Koopman Representations for Non-Vanishing Time Intervals: An Optimization Approach and Sampling Effects

TL;DR

This paper introduces an optimization-based method for learning Koopman eigenfunctions from data sampled at arbitrary intervals, highlighting sampling effects like aliasing and phase cancellation.

Contribution

It formulates Koopman eigenfunction learning as an optimization problem that accounts for sampling effects, revealing aliasing limits and benefits of irregular sampling.

Findings

Irregular sampling can break aliasing and aid in spectrum recovery.

The proposed method outperforms generator extended DMD at large regular intervals.

Phase alignment near true frequencies creates optimization challenges.

Abstract

Koopman operator theory is a key tool in data assimilation of complex dynamical systems, with the potential to be applied to multimodal data. We formulate the problem of learning Koopman eigenfunctions from observations at arbitrary, possibly non-vanishing, time intervals as an optimization problem.
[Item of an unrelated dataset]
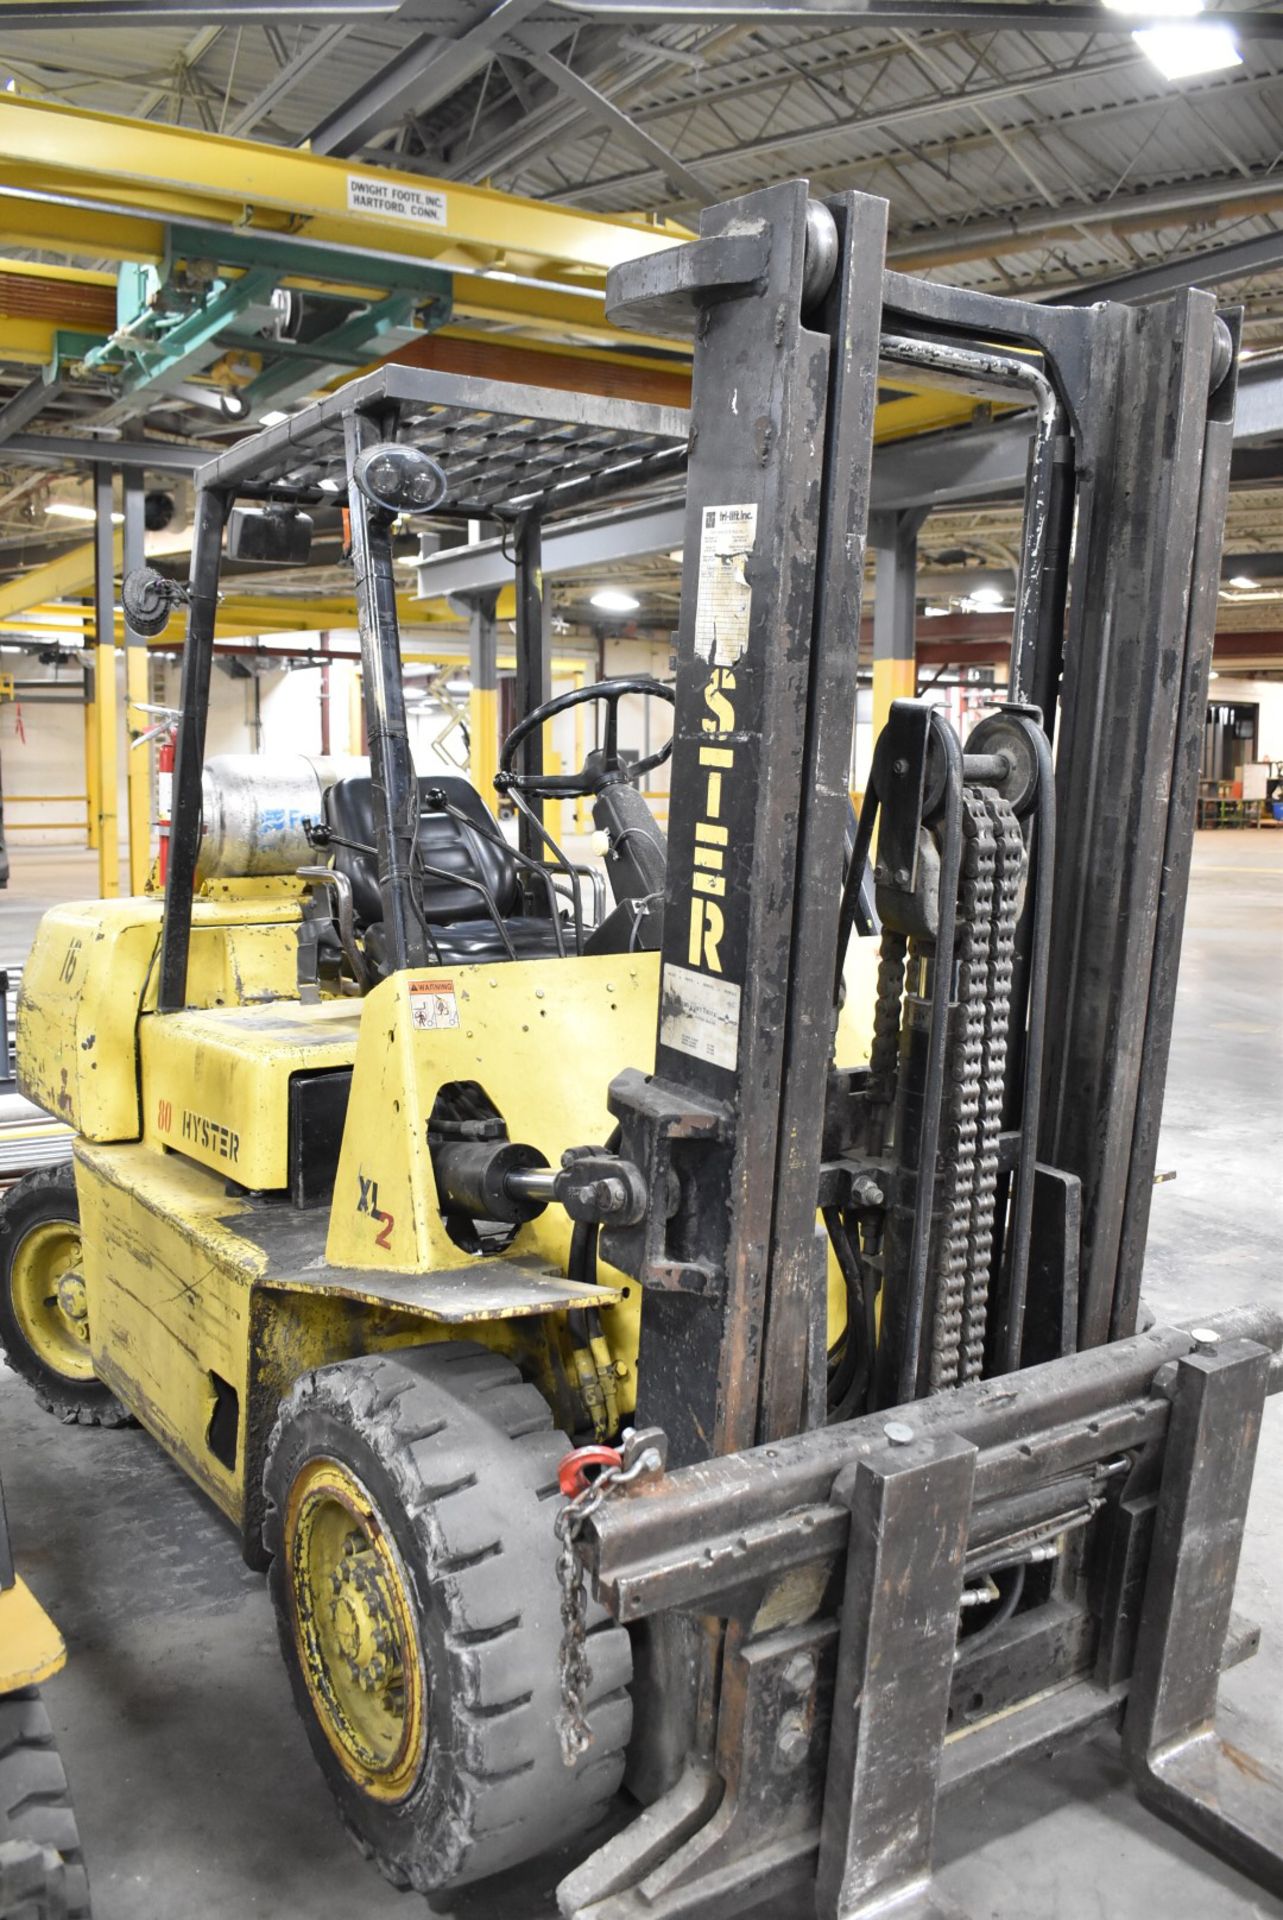 HYSTER H80XL2 7,250 LBS. CAPACITY LPG FORKLIFT WITH 121" MAX VERTICAL REACH, 2-STAGE HIGH VISIBILITY - Image 3 of 9

Analysis of the formulation reveals aliasing induced by oscillatory dynamics and the sampling pattern, making an inherent identifiability limit explicit. The analysis also uncovers phase alignment near the true Koopman frequency, which creates a steep loss valley and demands careful optimization. We further show that irregular sampling can break aliasing and lead to phase cancellation. Numerical results demonstrate the efficacy of the proposed method under large regular time intervals compared to generator extended dynamic mode decomposition, and support the idea that irregular sampling can help recover the true Koopman spectrum.